▶ _Provided material_:

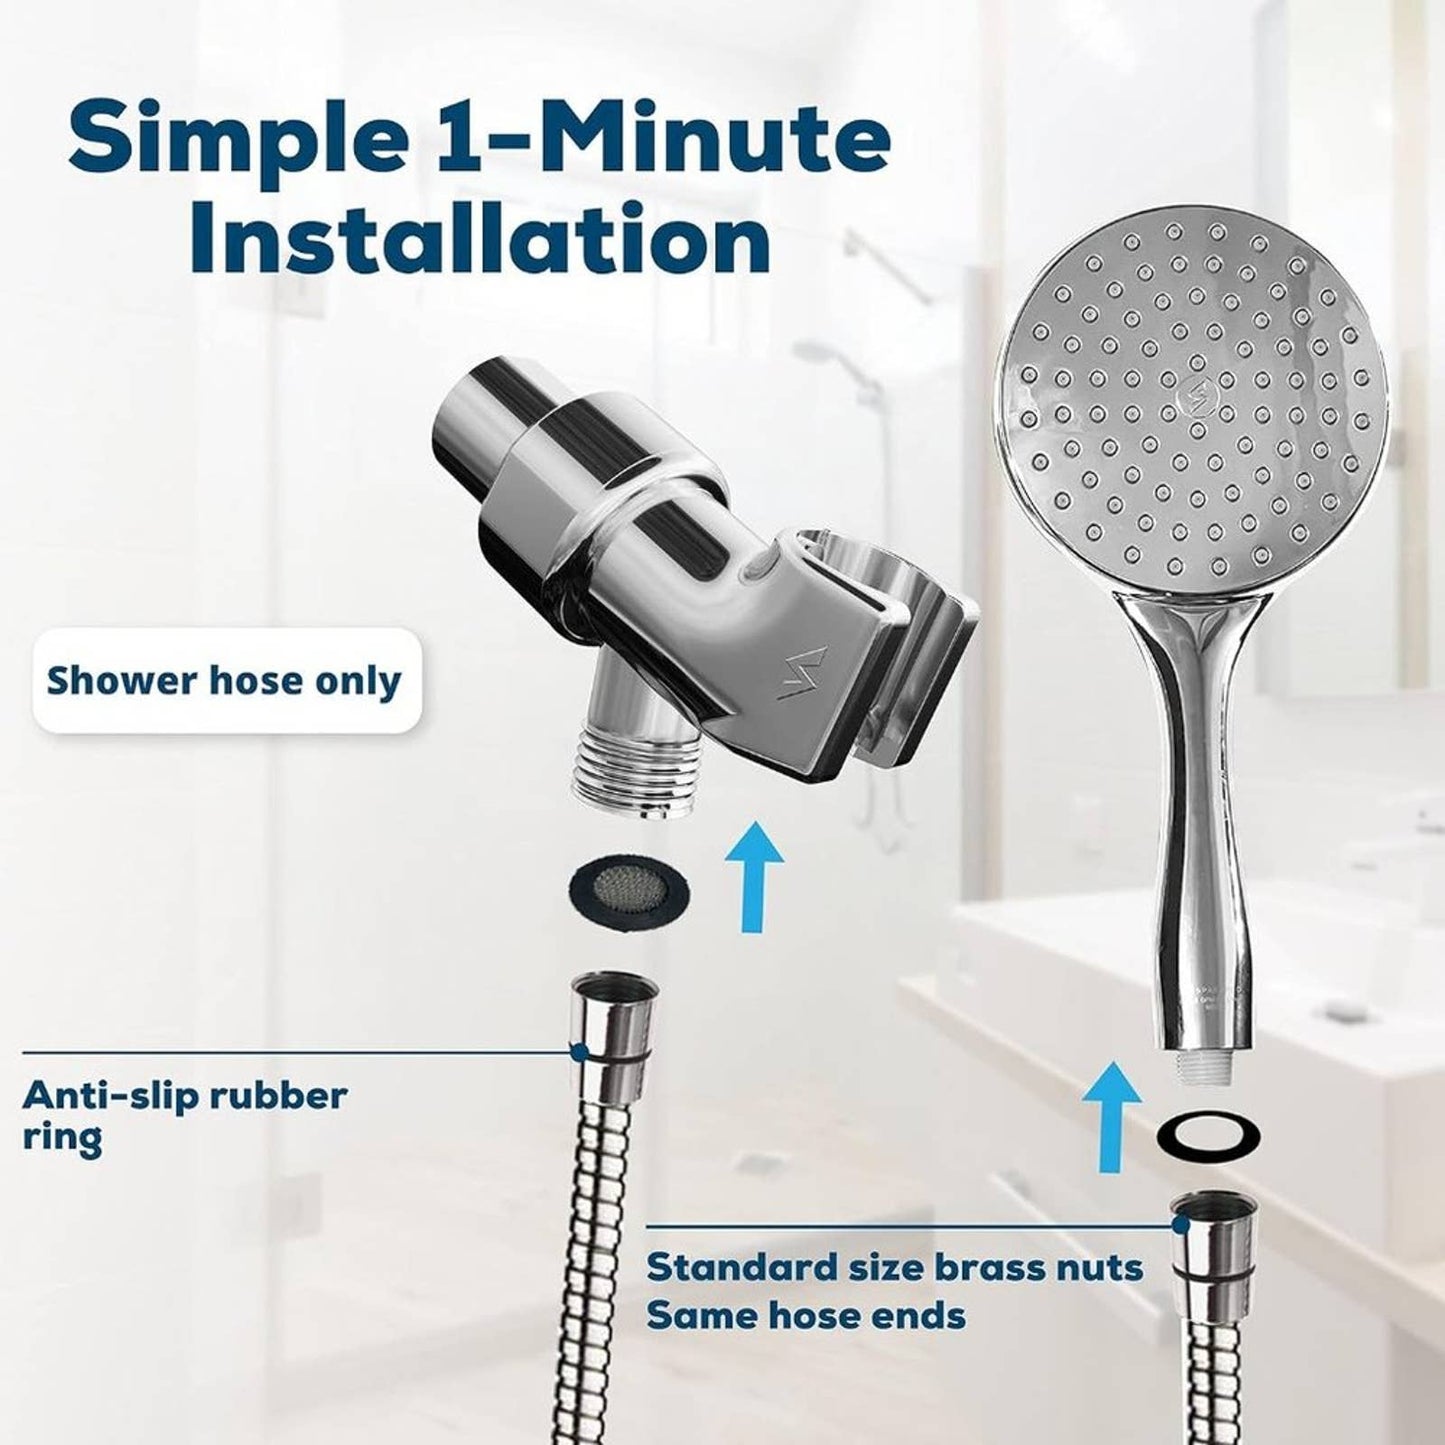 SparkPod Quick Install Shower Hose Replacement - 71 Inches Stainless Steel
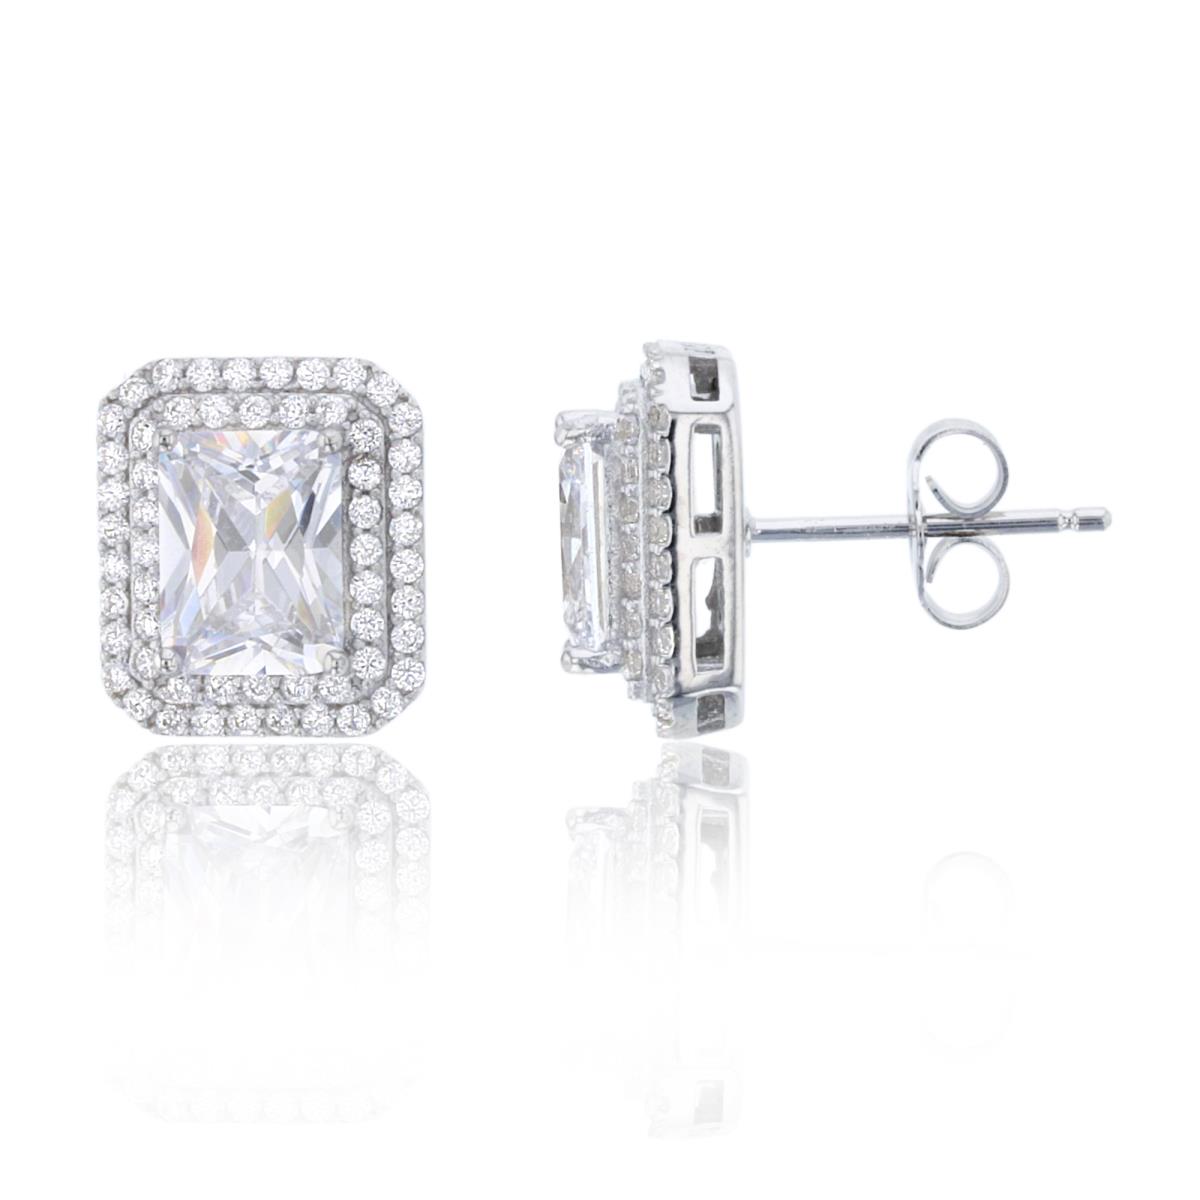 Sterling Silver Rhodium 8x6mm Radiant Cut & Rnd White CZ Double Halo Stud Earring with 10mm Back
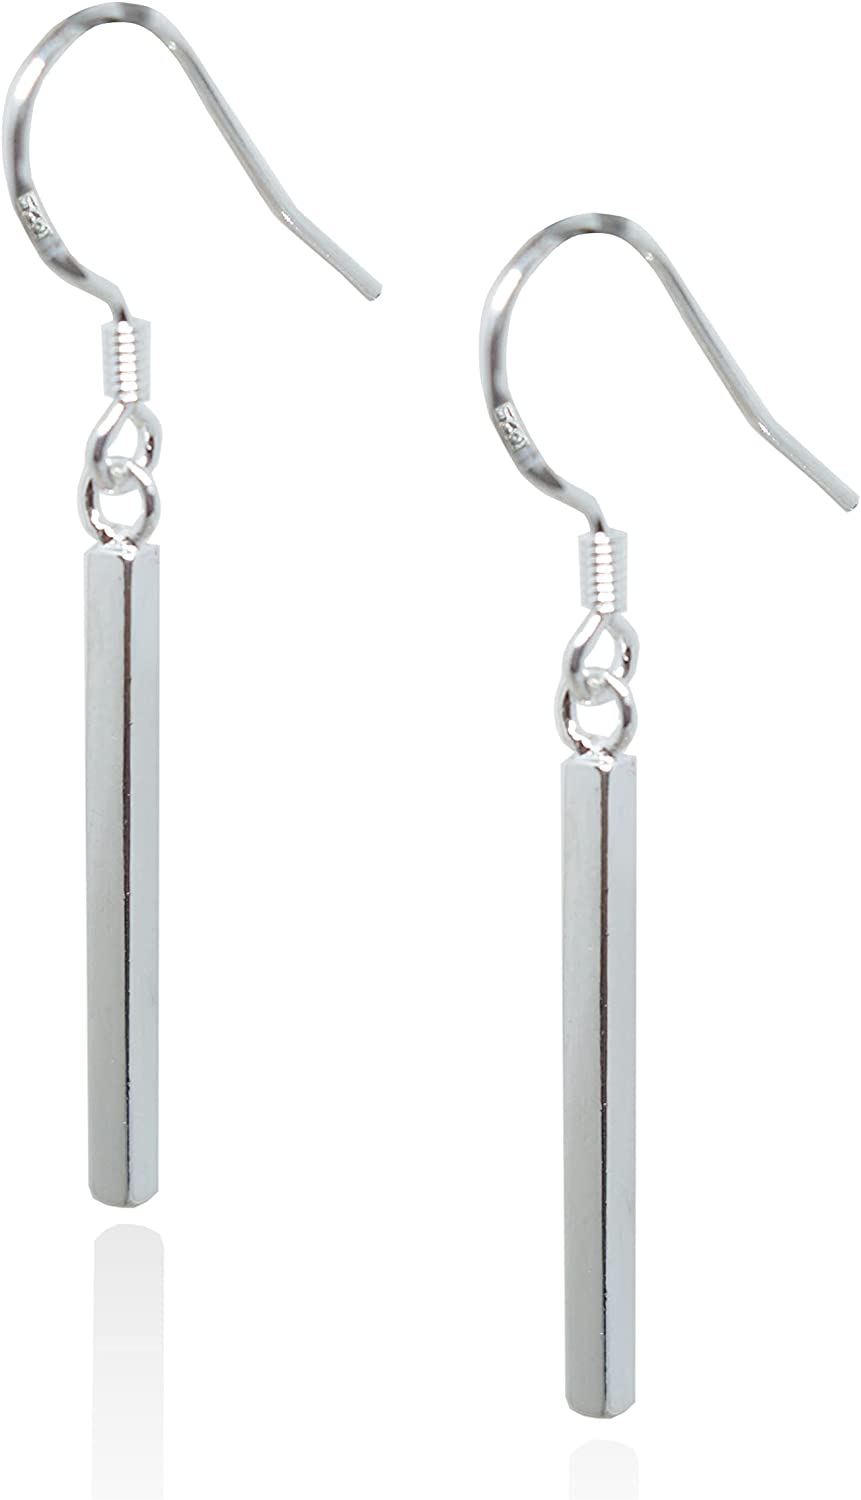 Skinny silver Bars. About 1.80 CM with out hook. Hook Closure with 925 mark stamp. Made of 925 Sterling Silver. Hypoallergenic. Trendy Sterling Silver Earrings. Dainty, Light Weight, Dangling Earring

▶ _Problem details_:
Copy verbatim the span that opens at the line with "Sterling Silver Rhodium" and closes at the final line of the listing. Do not carry over any pictures.

▶ _Task result_:
 Sterling Silver Rhodium 8x6mm Radiant Cut & Rnd White CZ Double Halo Stud Earring with 10mm Back
 Skinny silver Bars. About 1.80 CM with out hook. Hook Closure with 925 mark stamp. Made of 925 Sterling Silver. Hypoallergenic. Trendy Sterling Silver Earrings. Dainty, Light Weight, Dangling Earring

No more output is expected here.